The Fed is expected to push ahead with the normalisation of its key rate in ‘measured steps’. Given the low level of inflation (despite rising oil prices), there is no urgent need to pursue an aggressive policy. It will probably raise the fed funds rate to 2.25% by mid-2005 and to 3% by the end of the year. Hence, in the short term, bond yields are likely to continue to fluctuate around current levels.
Stock markets are still - unjustifiably - dominated by economic pessimism. This means that valuations have remained extremely low. However, the high risk premium on shares does not seem to be an expression of general risk aversion, attributable to factors outside the system (terrorism etc), but rather to uncertainty about the economic cycle. In other financial market segments (corporate bonds, emerging markets, etc), the risk parameters have slipped to exceptionally (record) low levels. Once the economic doubts recede, the markets should start showing interest in these high risk premiums, eliminating the undervaluation and focusing on earnings growth. Consensus expectations for the 12 months ahead are still for earnings to increase by 10% (US) to 15% (EMU).
We expect that over the next three to six months, the bond yield will remain more or less stable, but the risk is at the upside. Opting for overly long maturities renders our portfolio too sensitive to that risk and the choice of overly short maturities means sacrificing some of the yield. The duration of the bond portfolio is equal to the bench.
Corporate bonds are underweighted. Credit spreads have already fallen steeply to historical lows. This reflects the better economic climate and the improvement in many companies’ financial structure. The low credit spreads have considerably increased the advantages of this funding technique compared with standard bank loans.

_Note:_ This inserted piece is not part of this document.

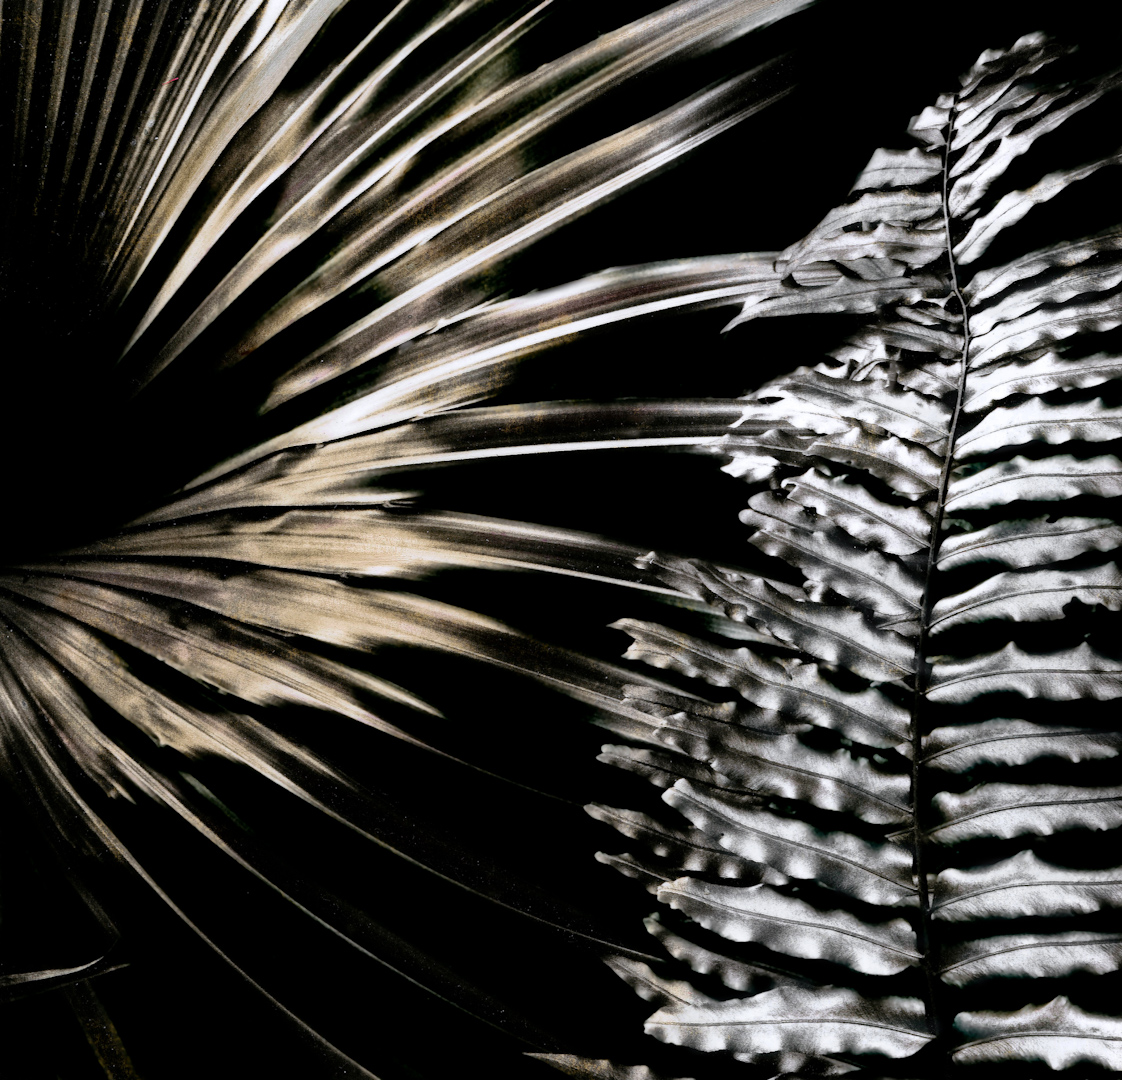 049_chinese palm fan.jpg

The overall currency risk is underweighted, due to the underweighting of the dollar and the yen. Significant active positions have been taken in a number of central European currencies (PLN, SKK and CZK). With these positions our policy is exploiting the region’s convergence with the EMU. This process is not without its hiccups and, as a consequence, bond yields still offer attractive risk premiums and investing in several currencies is advised. In 2003 and 2004, macroeconomic policy was not uniformly orthodox. The bond yield spread with the EMU is expected to stabilise (Czech Republic and Slovakia) or narrow (Poland) in the months ahead. Inflation has passed its peak in Poland, and there is no need for the central bank to continue with its tight monetary policy. We are avoiding
the Hungarian forint for the time being, as the twin deficit is a cause for concern.
The high correlations between the US and European equity markets and between the various European markets themselves makes it difficult to discriminate between them. The fundamental developments are also very similar. There are signs of a good earnings trend in both regions, and they are all just as severely undervalued.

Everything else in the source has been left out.